Build a SELFIES vocabulary:

python scripts/build_vocab.py dataset_with_selfies.csv vocab.json

Compute molecular properties (all RDKit descriptors are supported):

python scripts/add_properties.py --input_file dataset_with_selfies.csv \
                                --output_file dataset_with_properties.csv \
                                --properties MolWt MolLogP TPSA BertzCT Kappa1 Kappa2 Kappa3

Preprocess properties (clip values, standardize, generate stats):

python scripts/preprocess_properties.py dataset_with_properties.csv dataset_with_standardized_properties.csv \
                                        --properties_to_clip Kappa2 Kappa3 \
                                        --properties_to_normalize MolWt MolLogP TPSA BertzCT Kappa1 Kappa2 Kappa3 \
                                        --output_stats property_statistics.json

Precompute fingerprints:

python scripts/precompute_fingerprints.py dataset_without_fingerprints.csv --output_file dataset_with_fingerprints.csv

Split train/test:

python scripts/split_random_train_test.py dataset_with_selfies.csv --output_train my_train_set.csv --output_test my_test_set.csv

Oversample rows with rare SELFIES tokens:

python scripts/get_overall_token_counts train.csv token_counts.json
python scripts/duplicate_samples_given_token_frequencies.py train.csv \
                                                            --a 1e-5 \
                                                            --token_counts token_counts.json

Dataset

The raw dataset used for training and evaluation is hosted on Zenodo: 10.5281/zenodo.17277040. It contains standardized SMILES, SELFIES, and raw molecular property values.

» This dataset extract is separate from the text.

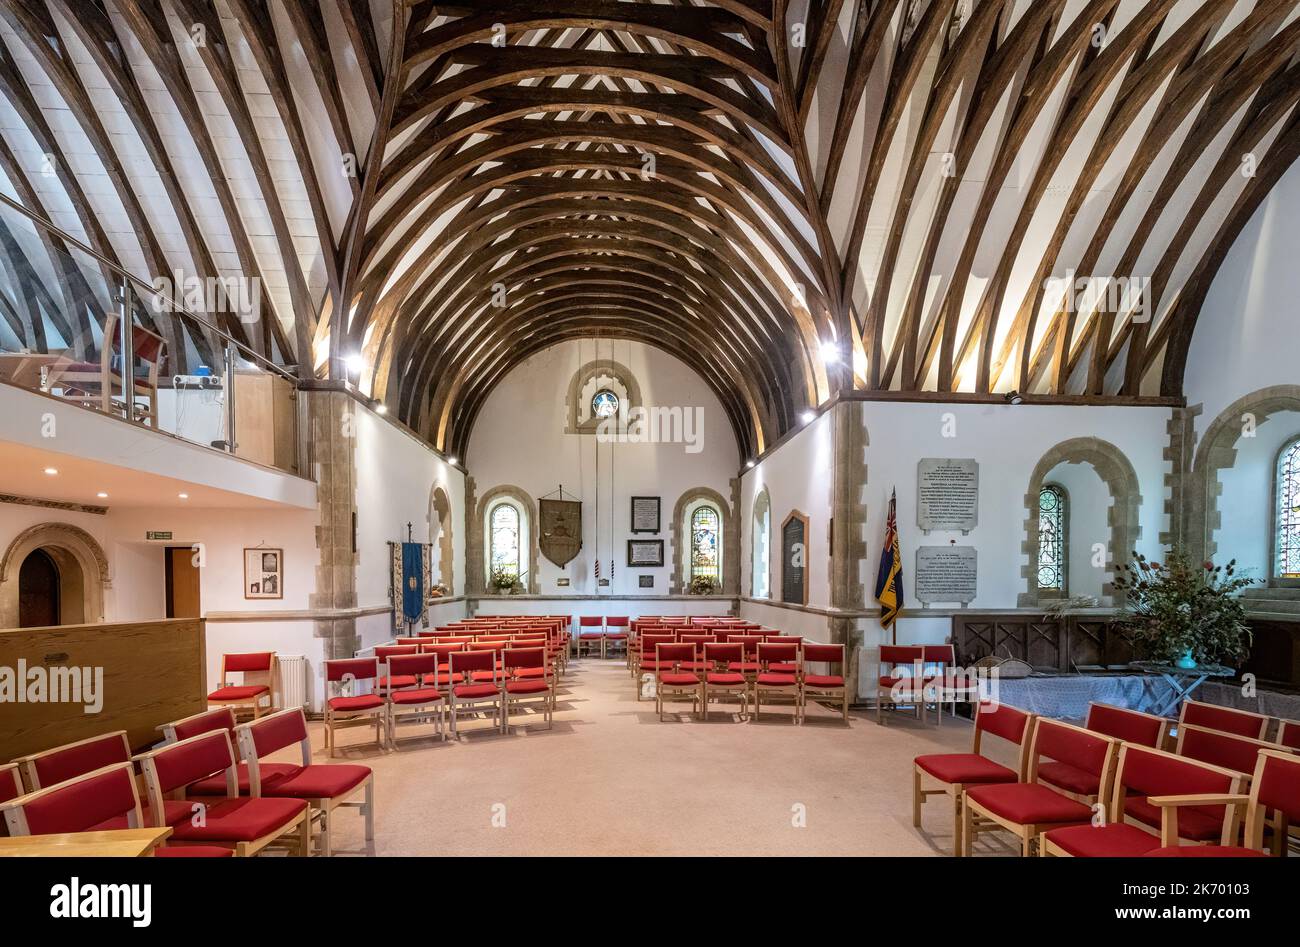 St John the Baptist Church in Itchen Abbas village, Hampshire, England, UK. View of the interior with barrel-vaulted roof. Stock Photo

To process it for training:

python scripts/preprocess_properties.py train.parquet \
                                        --properties_to_clip Kappa2 Kappa3 \
                                        --properties MolWt MolLogP TPSA BertzCT Kappa1 Kappa2_clipped Kappa3_clipped \
                                        --output_stats property_statistics.json
python scripts/get_overall_token_counts train.parquet token_counts.json
python scripts/split_random_train_test.py train.parquet \
                                        --test_size 0.2 \
                                        --output_train train_train.parquet \
                                        --output_test train_validation.parquet
python scripts/duplicate_samples_given_token_frequencies.py train_train.parquet \
                                                            --a 1e-5 \
                                                            --token_counts token_counts.json

Support

Found a bug? Have a feature request? Use the issues tab! We welcome feedback.

Citation

If you use chembed in your research, please cite:

@article{talibart2025learning,
  title={Learning a chemistry-aware latent space for molecular encoding and generation with a large-scale Transformer Variational Autoencoder},
  author={Talibart, Hugo and Gilis, Dimitri},
  journal={bioRxiv},
  pages={2025--12},
  year={2025},
  publisher={Cold Spring Harbor Laboratory}
}

License

This project is licensed under the MIT License. See the LICENSE file for details.